When these mutants were expressed in cells in the laboratory, all appeared non-functional in that they did not increase the water permeability of test cell membranes. More specifically, the mutant AQP2 did not increase the water permeability of the cell membranes above that of water-injected control cells, whereas normal AQP2 increased the water permeability of cell membranes at least ten times above the water-injected controls.

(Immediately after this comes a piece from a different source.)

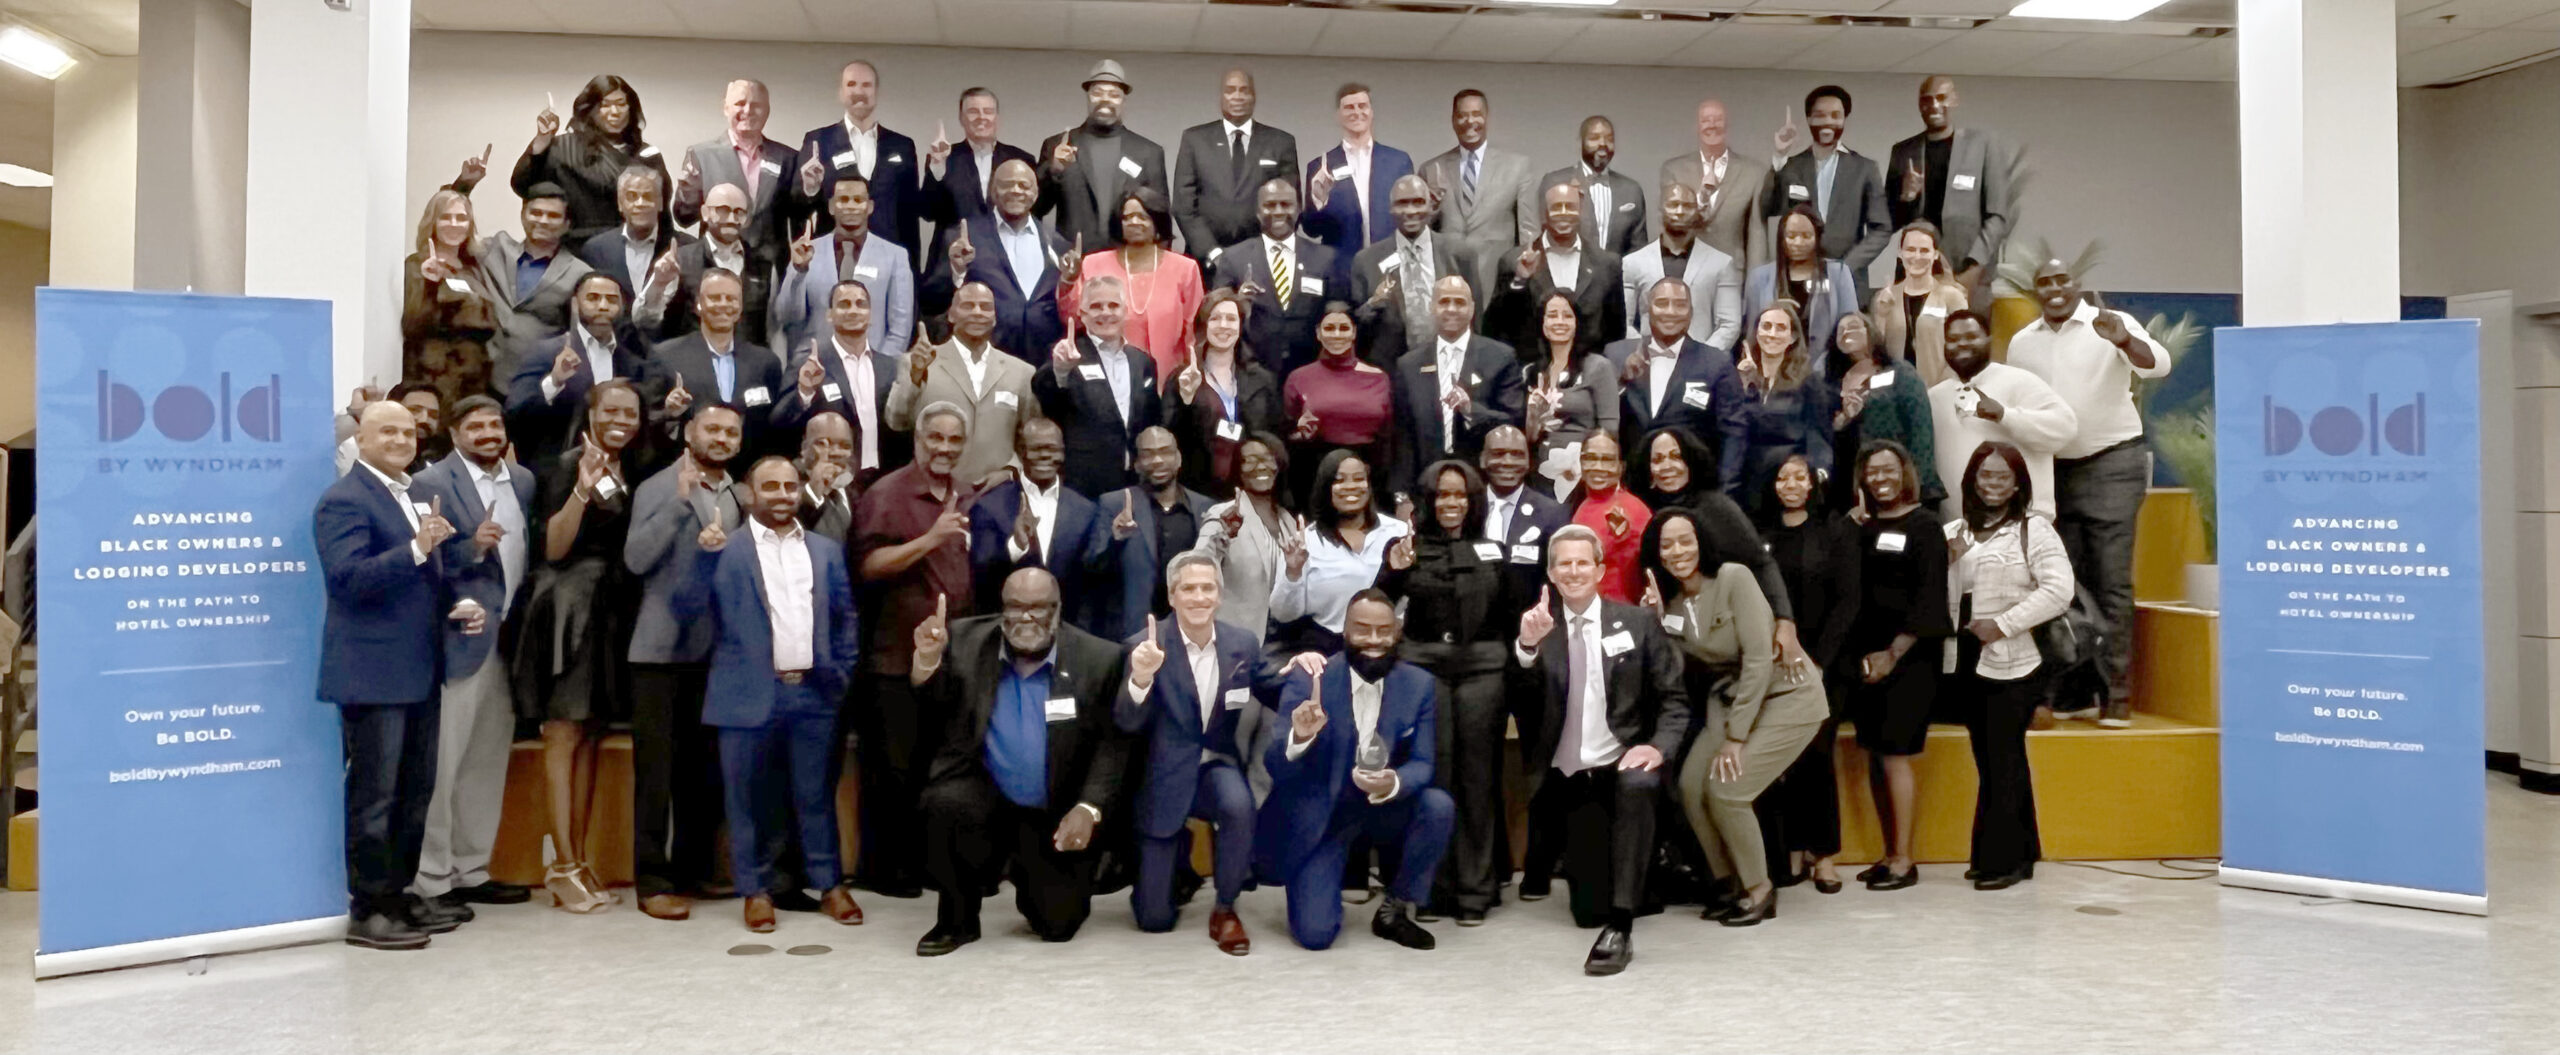 BOLD By Wyndham Initiative Aims To Expand Support For Black Entrepreneurs In The Hotel Industry

The researchers tested to be sure the mutant AQP2's inability to transfer water across cell membranes in their experiment was not due to any factors or conditions of the experiment itself. It was not. At least three missense AQP2 mutations' inability to transport water was because they could not get to their work site at the cell membrane. It is hypothesized that under normal conditions AQP2s are located inside the cell near the membrane. They have to be shuttled to their work site by a complex trafficking mechanism. If the AQP2s are not properly shaped, the endoplasmic reticulum (ER), the cellular structure in which the AQP2 is synthesized, folded and modified, will not let them out, and they cannot get to the cell membrane to make it more water permeable. Since they cannot get to their work site, it cannot as yet be determined if they would work if they could just get there. In other words, there is a possibility that these mutations of the AQP2s might still leave them capable of serving as water transporting proteins that would increase the cell membrane's water permeability. But this possibility cannot, as yet, be tested. Further research is required to understand more clearly the molecular and cellular defects in NDI caused by mutations in the AQP2 gene.